Abstract
Over the past decade, smartwatches and other medical wearable devices have been marketed as tools that empower people to monitor their own health. They can track biomarkers such as glucose, heart rate, and stress, and flag concerning trends long before a routine clinic visit. At the same time, they quietly shift everyday monitoring work, such as charging, interpreting alerts, and deciding when to seek care, from clinicians to patients and their families. That shift doesn’t hit everyone the same way. Older adults, residents of rural areas, and those with less money or digital literacy often struggle to meet the new expectations that medical wearables create. My coupled thesis sits in the middle of this tension. On the technical side, I worked on Lumos, a multi-wavelength photoplethysmography (PPG) smartwatch aimed at medical-grade sensing. On the STS side, I examined how medical wearables, promoted as access tools, shift monitoring labor from clinicians to patients and families, and with what unequal effects by class, disability, age, and geography. Together, these projects address the sociotechnical problem of how wearable health systems can be made both technically reliable and socially equitable.
My technical report addresses the problem of storing large volumes of physiological data on a small, power-constrained wearable device in a way that is robust, safe, and transparent to users and clinicians. For the Lumos smartwatch project, I developed a C++ flash memory driver and an append-only logging library designed to preserve high-rate, multi-channel sensor data even when the watch is offline and subject to power interruptions. The system uses a low-level driver to perform reset, read, program, and erase operations, while the higher-level logging layer writes structured records with sequence numbers and checksums, skipping corrupt blocks and recovering the current write position. This architecture allows the watch to resume logging after reboots without overwriting prior data, which is essential for real-world wearable use where charging and restarting are common. In testing, the system filled one flash block every twenty minutes and provided twenty-eight days of storage capacity. A 7.5-hour logging session produced records that were all successfully recovered with no corrupted entries observed. Overall, this project shows that reliable, long-term wearable data storage can be achieved on constrained embedded hardware without the overhead of a general-purpose filesystem, making Lumos a stronger platform for research-grade sensing.
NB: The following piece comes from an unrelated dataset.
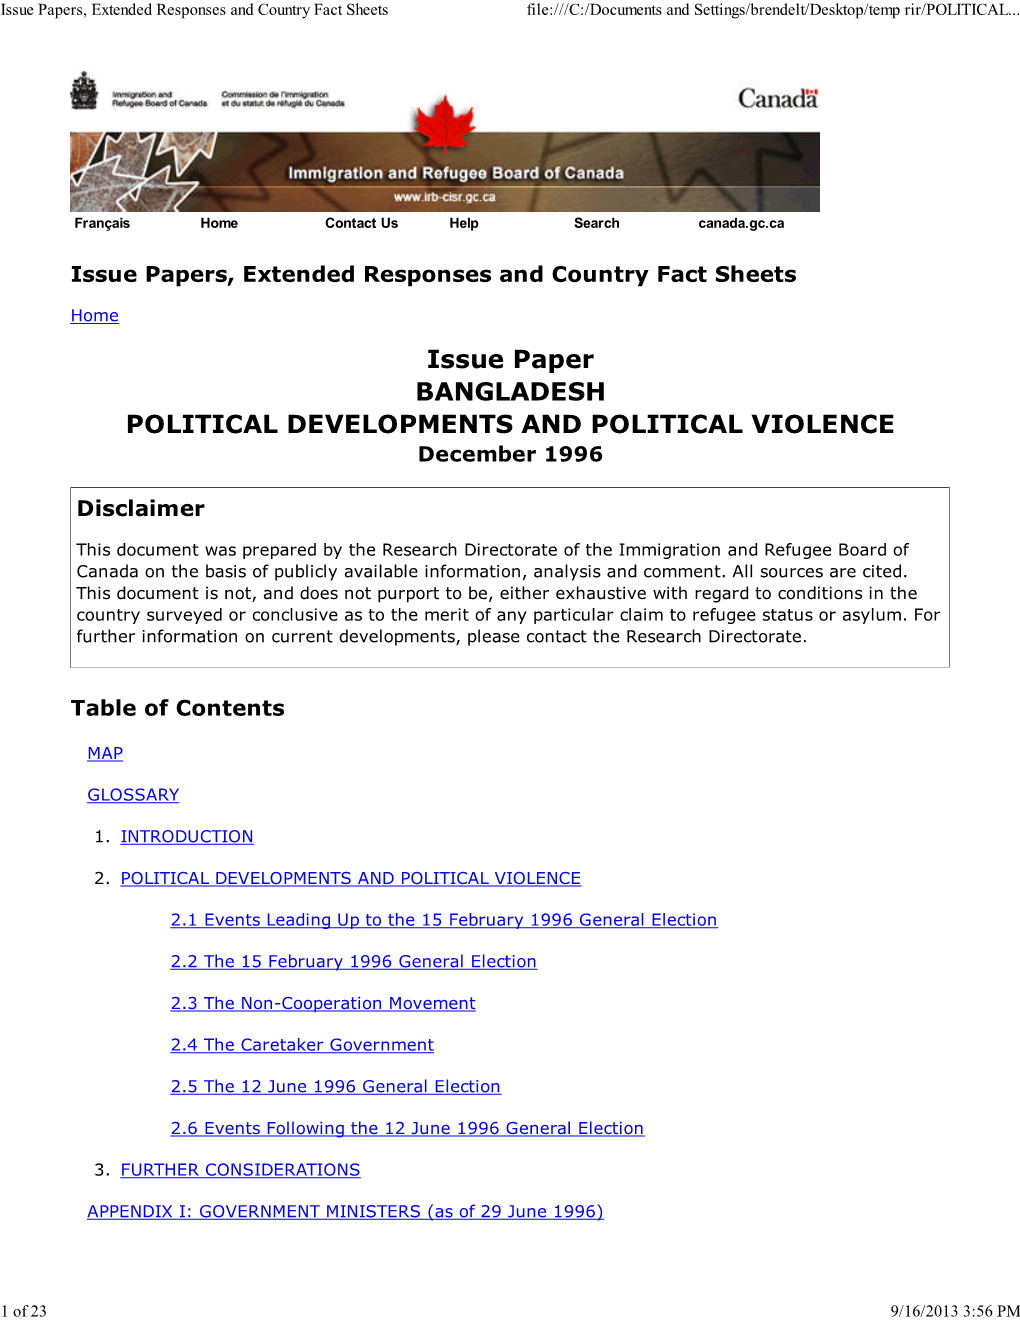 Issue Paper BANGLADESH POLITICAL DEVELOPMENTS and POLITICAL VIOLENCE December 1996
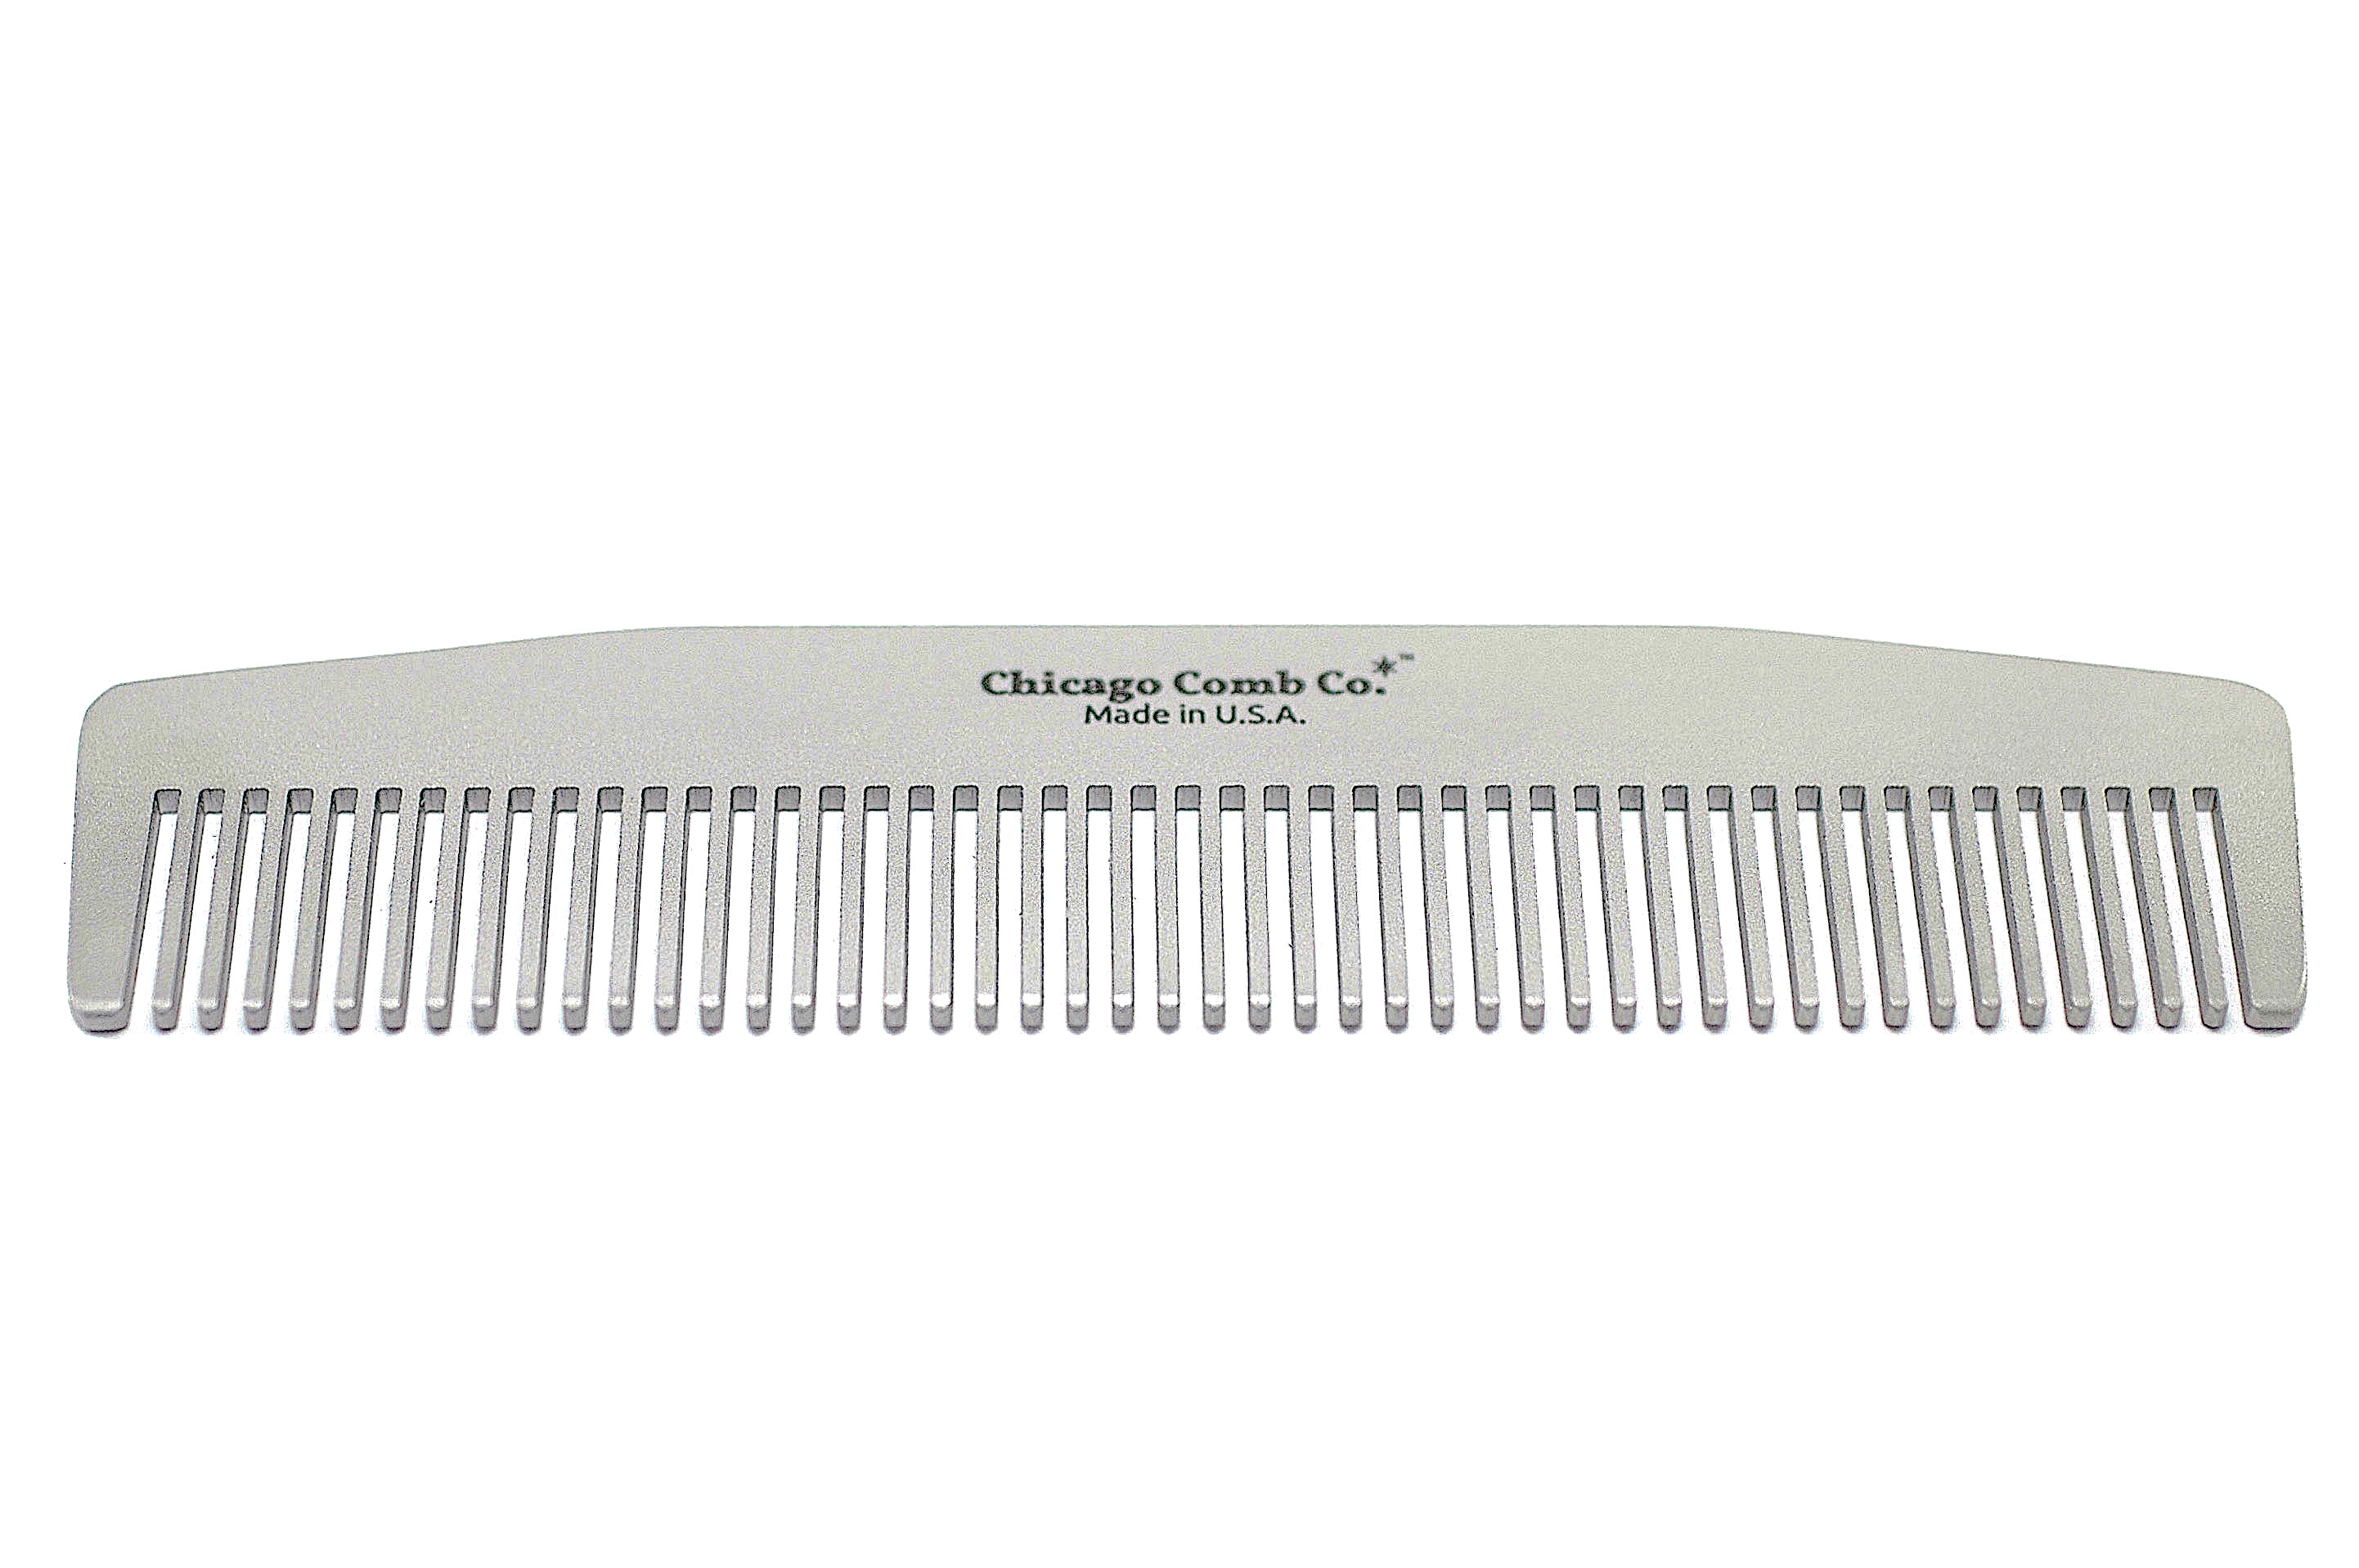 Chicago Comb Co. Model No. 3 Standard Stainless Steel - Sprezstyle - Men's  Grooming

My STS research paper examines the same broader issue from the perspective of ethics, inequality, and care work. I ask how medical wearables, often framed as tools of empowerment and access, redistribute monitoring labor from clinicians to patients and families, and how that redistribution is shaped by class, disability, age, and geography. Using a structured qualitative synthesis of peer-reviewed literature along with case studies, I argue that wearable devices do not simply make care more convenient. Rather, they relocate the labor of monitoring into homes and relationships. Patients and caregivers must keep devices charged, worn, and interpreted, while also deciding when alerts or trends require professional intervention. This labor is not distributed equally. Studies show that wearable adoption varies by income, education, and age, and that users with fewer resources often face greater barriers to effective participation in remote monitoring. Further research shows that these systems can provide reassurance while also generating new burdens of vigilance and responsibility. Additionally, clinicians are not removed from the system, since remote monitoring often creates additional work in the form of education, troubleshooting, and coordination. I conclude that medical wearables should be evaluated not only by whether they expand access to health data, but also by how much hidden labor they require, how equitably they fit into different lives, and how clearly they assign responsibility when something goes wrong.
Taken together, these two projects show the value of approaching medical wearables as a sociotechnical problem rather than only a technical one. Although these projects do not address every challenge involved in remote monitoring, they contribute to a broader understanding of what more responsible wearable design should require.